“В Париже я каждую неделю находила в почтовом ящике конверт с чикагским штемпелем; я только потом поняла, почему так редко получала известия от Олгрена в Алжире: он писал мне в Тунис вместо Тенеса. Одно письмо вернулось, он отправил мне его снова. Счастье, что оно тогда затерялось: в тот момент оно оказалось бы для меня тяжелым ударом. Он пишет, что, выступая на митингах в поддержку Уоллеса, влюбился в некую молодую особу, которая в тот момент разводилась с мужем, и даже начал подумывать о женитьбе. Она лечилась у психоаналитика и не хотела принимать решений до конца курса. В декабре, когда я получила письмо, они уже почти не встречались, однако он счел нужным объяснить: “Я не собираюсь связывать себя с этой женщиной, сейчас она больше ничего для меня не значит. Но это не меняет дела, я по-прежнему хочу иметь то, что, как мне казалось в течение этих трех-четырех недель, она могла бы мне дать: теплый, уютный дом, где я жил бы со своей семьей — с женой и даже с ребенком. Нормально, что мне этого хочется, ничего необычного в моем желании нет, просто раньше мне это было не нужно. Возможно, дело в том, что мне скоро сорок. У тебя все иначе. У тебя есть Сартр и совершенно особый образ жизни: вокруг тебя все время люди, ты способна жить идеями. Ты погружена в культурную жизнь Франции, испытываешь удовлетворение от своей деятельности и от каждого прожитого дня. А Чикаго от всего далеко, примерно как Юкатан. Я веду бесплодное, пустое существование, сосредоточенное исключительно на себе самом: меня это совершенно не устраивает. Я прикован к Чикаго, потому что, как я тебе уже говорил и ты меня поняла, моя работа — писать про этот город, а писать про него я могу только здесь. Нет смысла все повторять сначала. Но в результате мне практически не с кем поговорить. Иными словами, я попался в собственный капкан. Я бессознательно выбрал жизнь, наиболее подходящую для того рода литературы, который мне лучше удается. Мне скучно с политиками и интеллектуалами, они какие-то неживые. Люди, с которыми я сейчас общаюсь, кажутся мне более подлинными: шлюхи, воры, наркоманы и т. п. Но моя частная жизнь оказалась принесенной в жертву. Роман с этой женщиной помог мне понять, что происходит между нами с тобой. Год назад я не решился бы изменить тебе, боясь все испортить. Теперь я знаю, что это было глупо: руки, находящиеся за океаном, не могут согреть, а жизнь слишком коротка и холодна, чтобы лишать себя тепла на многие месяцы”.
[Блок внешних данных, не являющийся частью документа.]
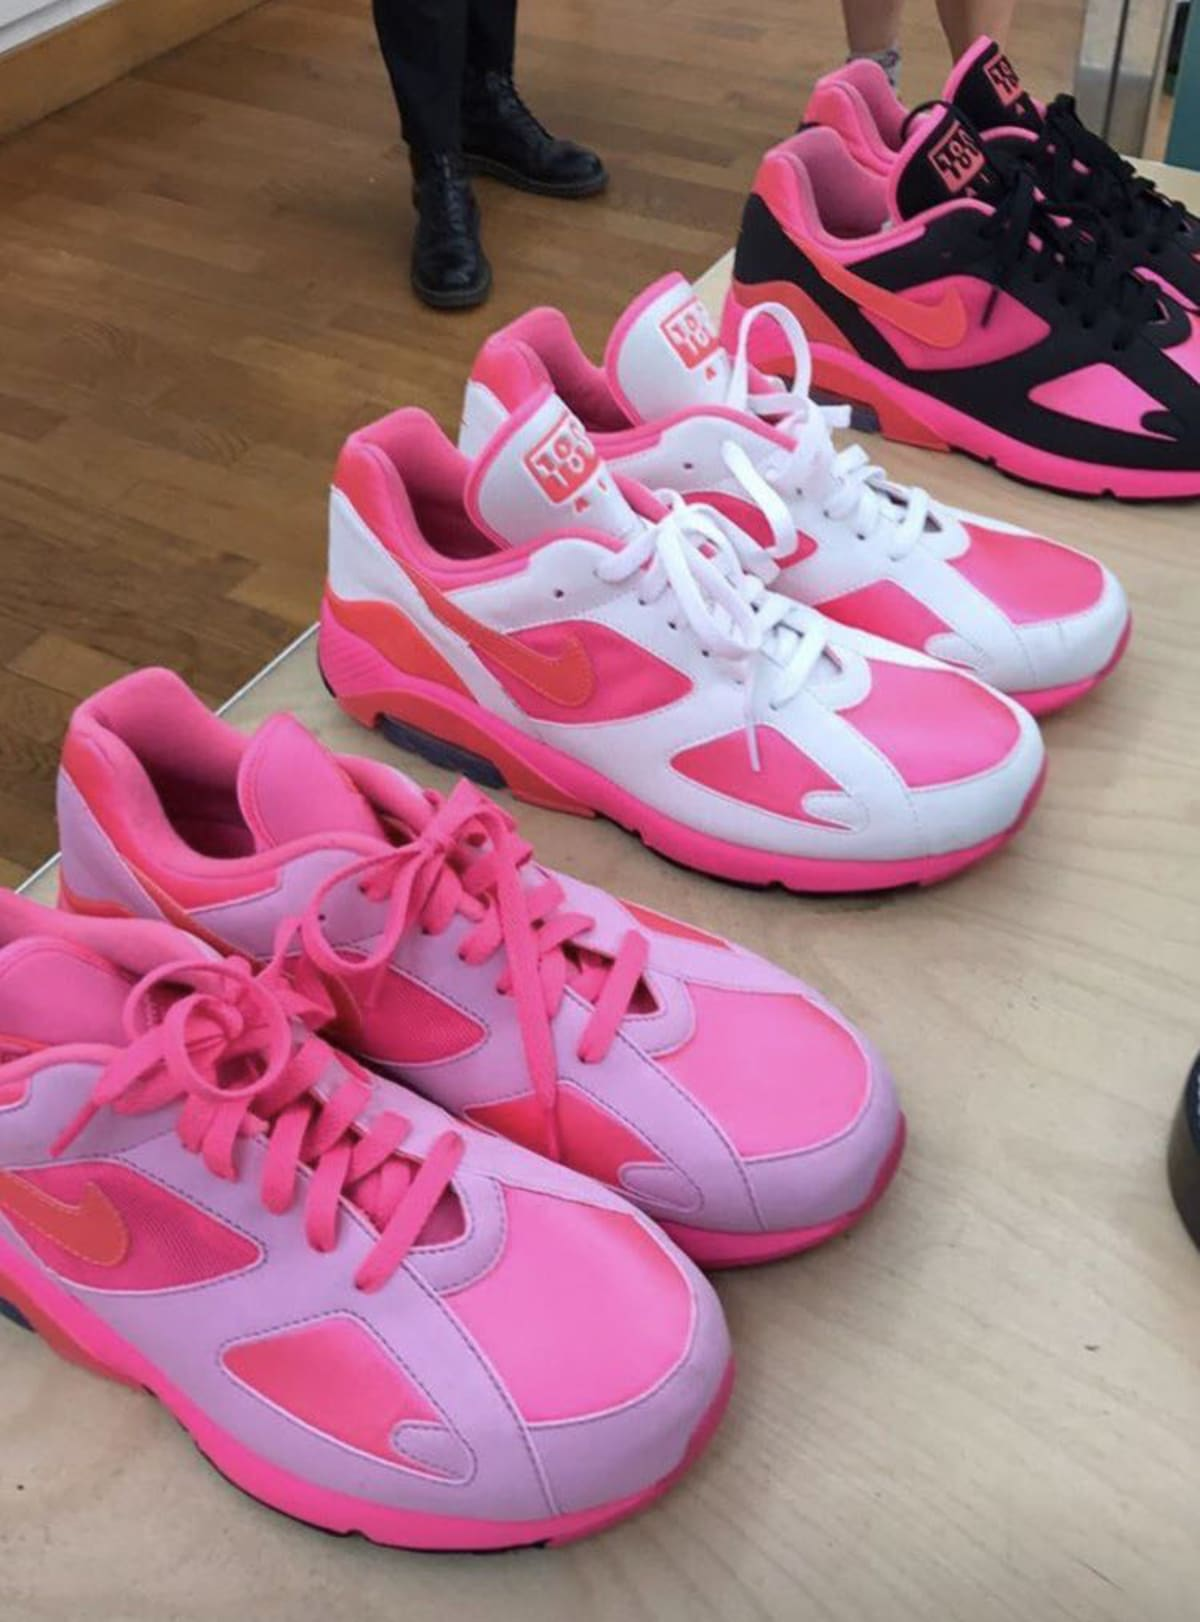 0826306d770d CDG Nike Air 180 AO4641-600 Release Date

В другом письме он возвращается к той же теме: “После того несчастного воскресенья в ресторане Центрального парка, когда я начал все портить, у меня осталось ощущение — я писал тебе о нем в последнем письме, — что мне хочется иметь наконец что-то свое. В огромной степени оно возникло благодаря этой женщине, которая несколько недель казалась мне очень близкой и дорогой (теперь все уже не так, что не меняет сути). Не она, так другая. Это вовсе не значит, что я тебя разлюбил, но ты была так далеко и ждать оставалось еще так долго… Казалось бы, нелепо говорить о том, что давно можно считать пройденным этапом. И все-таки стоит, ведь ты не можешь навсегда сослать себя в Чикаго, равно как и я не могу жить изгоем в Париже, я обречен неизменно возвращаться сюда, к своей пишущей машинке и одиночеству, и испытывать потребность в ком-то, кто был бы рядом, потому что ты так далеко…”
Мне нечего было ответить, он был абсолютно прав, но меня это не утешало. Мне было бы нестерпимо жаль, если бы наши отношения прекратились. Этот преждевременный внезапный конец свел бы на нет счастье всех дней и ночей в Чикаго, на Миссисипи, в Гватемале. Постепенно, однако, письма Олгрена потеплели. Он рассказывал мне свою жизнь изо дня в день. Посылал газетные вырезки, поучительные брошюры о вреде табака и алкоголя, книги, шоколад, а один раз прислал даже две бутылки старого виски, запрятанные в огромные пакеты с мукой. Он написал, что приедет в июне в Париж и уже заказывает билет на пароход. Я успокоилась, но временами с болью чувствовала, что наша история обречена и конец наступит вот-вот”.